GPT-4: The New Frontier of Intelligent Reasoning

Felipe Hlibco

Three weeks ago, OpenAI released GPT-4. I’ve been using it almost daily since, and something feels different this time.

Not the “oh cool, it writes poems” kind of different. More like the “wait, it actually understood what I was asking” kind. I’ve spent years working with language models in various capacities — GPT-4 is the first one where I regularly forget I’m talking to a machine.

The Bar Exam Thing #

Let’s start with the number everyone’s quoting: GPT-4 scored in the top 10% on a simulated bar exam. GPT-3.5 scored in the bottom 10%. Same test; same format. The jump happened in roughly four months of iteration.

That’s not incremental improvement. That’s a qualitative shift.

I ran my own (far less rigorous) tests. Complex multi-step logic puzzles; code architecture decisions; nuanced writing feedback. GPT-3.5 would get halfway there, then hallucinate its way to a confident-sounding wrong answer. GPT-4 gets it right more often than not. When it doesn’t, it tends to acknowledge uncertainty — which is arguably more useful than confidently wrong.

The benchmarks tell a similar story across the board. AP exams; SAT; GRE quantitative. It’s not just memorizing patterns; the model demonstrates something that looks uncomfortably close to reasoning. Whether it actually is reasoning is a philosophical debate I’ll dodge for now.

Multimodal Input: Seeing Is Believing #

GPT-4 accepts images alongside text. This is new for the GPT family, and it opens up use cases that pure text models can’t touch.

OpenAI’s demo showed the model explaining a photo of the inside of a fridge and suggesting recipes. Cute, sure. But the real implications are bigger. Think about accessibility tools that describe visual content; technical support workflows where a user just photographs their error screen; medical imaging triage; architecture review from diagrams.

I haven’t gotten deep access to the image capabilities yet (it’s rolling out slowly), but the technical report shows strong performance on visual understanding tasks. The model can parse charts; read handwritten notes; reason about spatial relationships in photographs. It’s not perfect — it sometimes misreads text in images or invents details that aren’t there — but the baseline capability is genuinely impressive.

The Alignment Investment #

OpenAI spent six months on safety work before releasing GPT-4. Six months. In a field where “ship it and iterate” is the default posture, that’s a meaningful signal.

They used adversarial testing with domain experts (including red-teamers who tried to make the model produce harmful content) and applied RLHF at scale. The result: GPT-4 produces fewer hallucinations than GPT-3.5 and handles sensitive topics with more nuance. It’s still not reliable enough for high-stakes decisions without human oversight, but the gap between “fun toy” and “useful tool” narrowed considerably.

The honest thing OpenAI did in the technical report was acknowledge GPT-4’s limitations clearly. It still hallucinates. It still makes reasoning errors, sometimes with alarming confidence. It has a knowledge cutoff (September 2021 training data), so it doesn’t know about recent events. These aren’t footnotes in the report; they’re prominently stated.
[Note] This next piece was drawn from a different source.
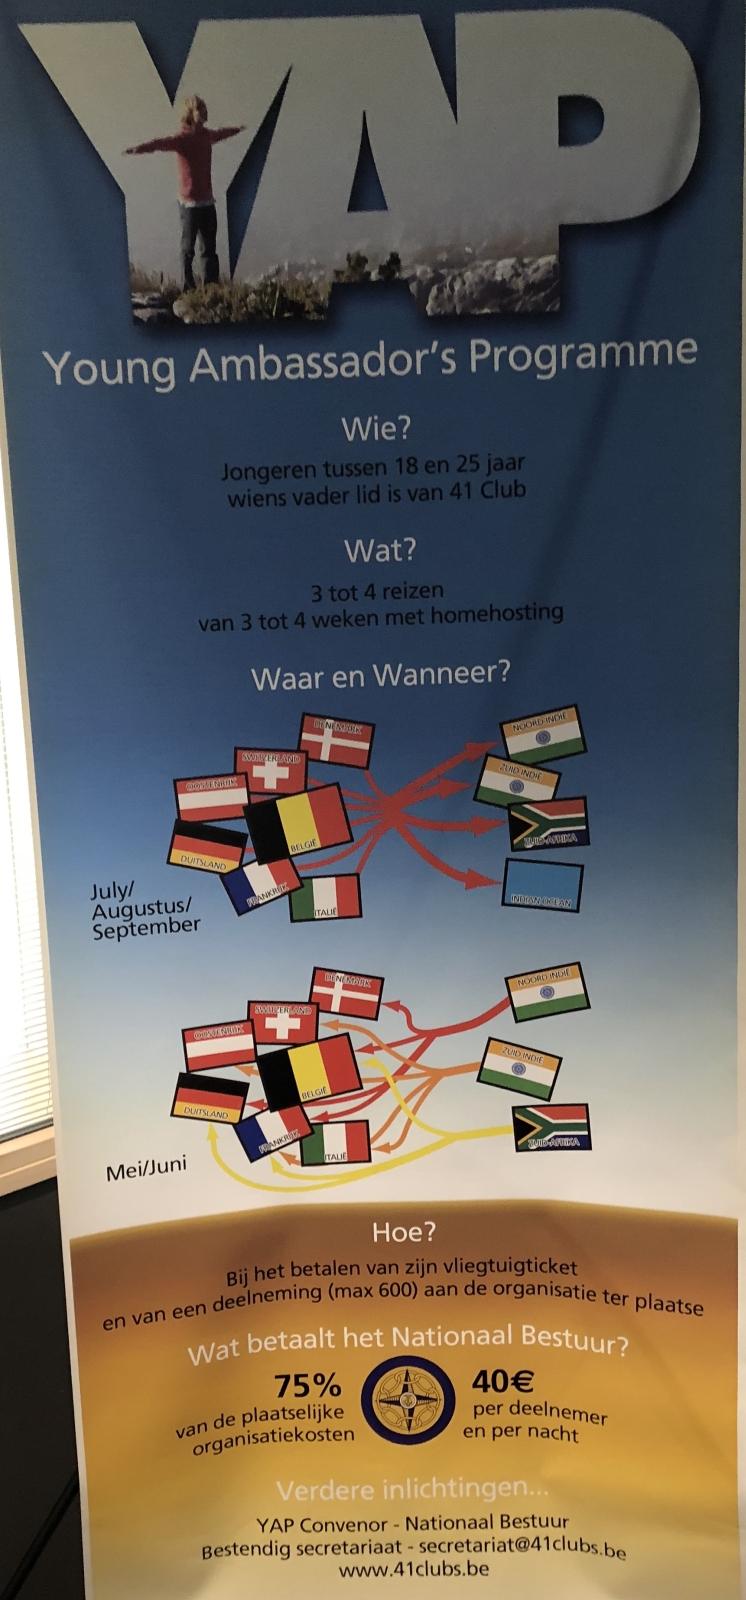 AGM Belgien 2018 Arlon 190

I appreciate that transparency, even if I suspect it’s partly strategic. Better to set expectations than deal with the backlash of overpromising.

The Access Question #

GPT-4 is available through ChatGPT Plus at $20/month and via the API (with a waitlist). This creates a two-tier access model that didn’t exist before.

With GPT-3.5, everyone got the same model. Now there’s a free tier and a paid tier with a meaningfully better model behind it. I’m not sure how I feel about this. On one hand, API access and a subscription model make the economics sustainable. On the other hand, the best AI reasoning tool in the world being paywalled has implications for who gets to build with it.
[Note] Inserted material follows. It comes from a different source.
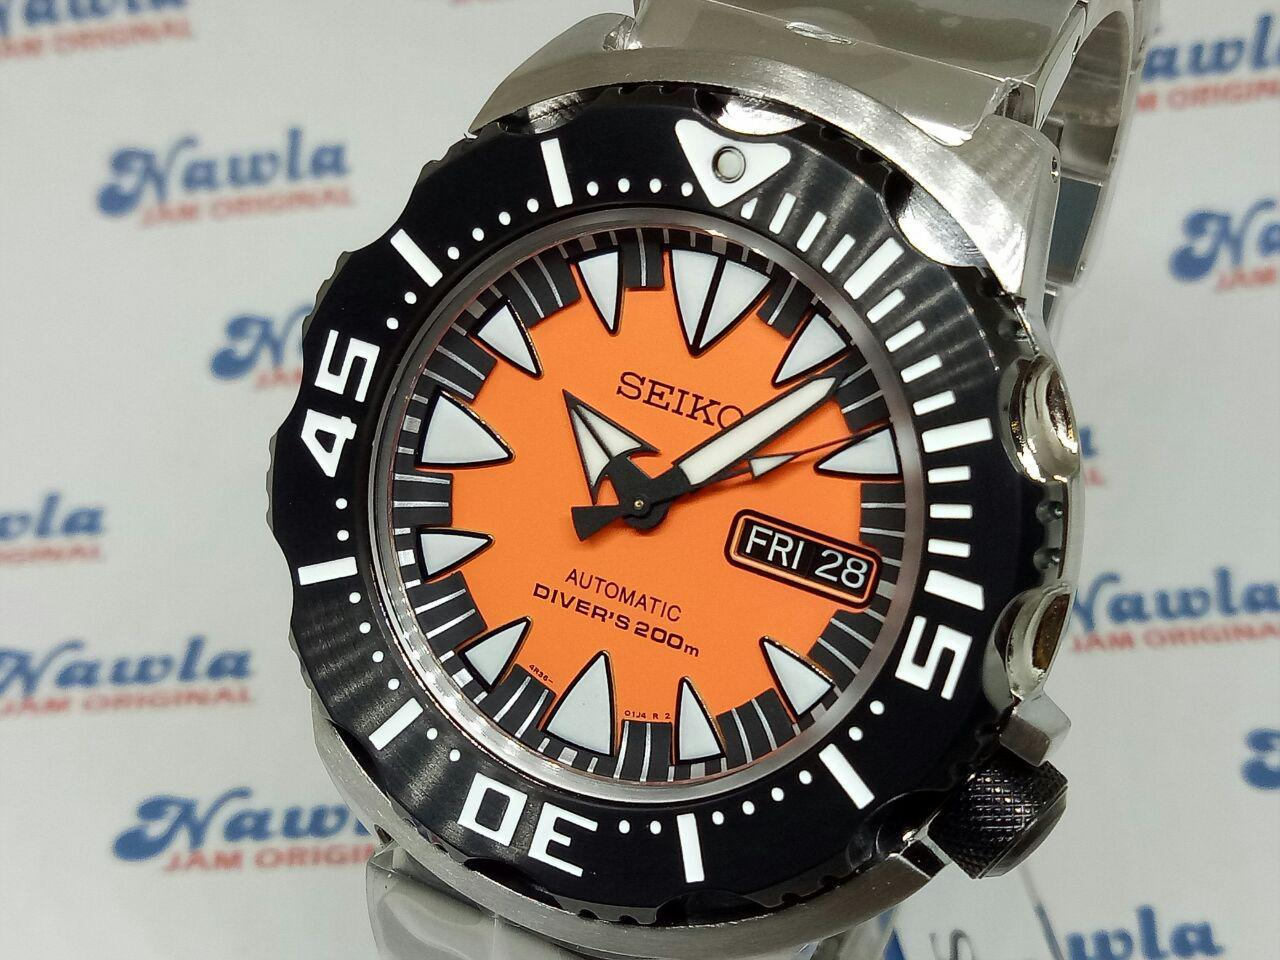 Seiko Male Orange Dial Silver Strap Srp483k1 Intl Daftar Harga Chronograph Jam Tangan Stainless Steel Sks521p1 Automatic Srp315k2 Monster Diver Pria Srp315 3

Microsoft’s Bing Chat runs on GPT-4 and is free, which complicates the picture. Anthropic’s Claude (still in early access) offers a different approach to the same class of problems. The competitive landscape is heating up quickly; we’re past the era of one model to rule them all.

What Actually Changed #

Here’s what I keep coming back to: GPT-4 doesn’t feel like a bigger GPT-3.5. It feels like a different category.

The reasoning benchmarks; the multimodal capability; the alignment improvements — taken individually, each is impressive but evolutionary. Taken together, they represent something else. A model that can read an image, reason about its contents, connect that reasoning to a broader knowledge base, and articulate its conclusions in natural language. That’s a capability stack that didn’t exist six months ago.

I’m not in the “AGI is here” camp. Not even close. But I am in the “this changes what’s possible for builders” camp. If you’re a product engineer, an educator, a researcher, or anyone whose work involves processing and synthesizing information (so, basically everyone), GPT-4 is worth paying attention to.

Not because it’s perfect. Because it’s the first model where the gap between “what it can do” and “what we need it to do” is small enough to build real things in the middle.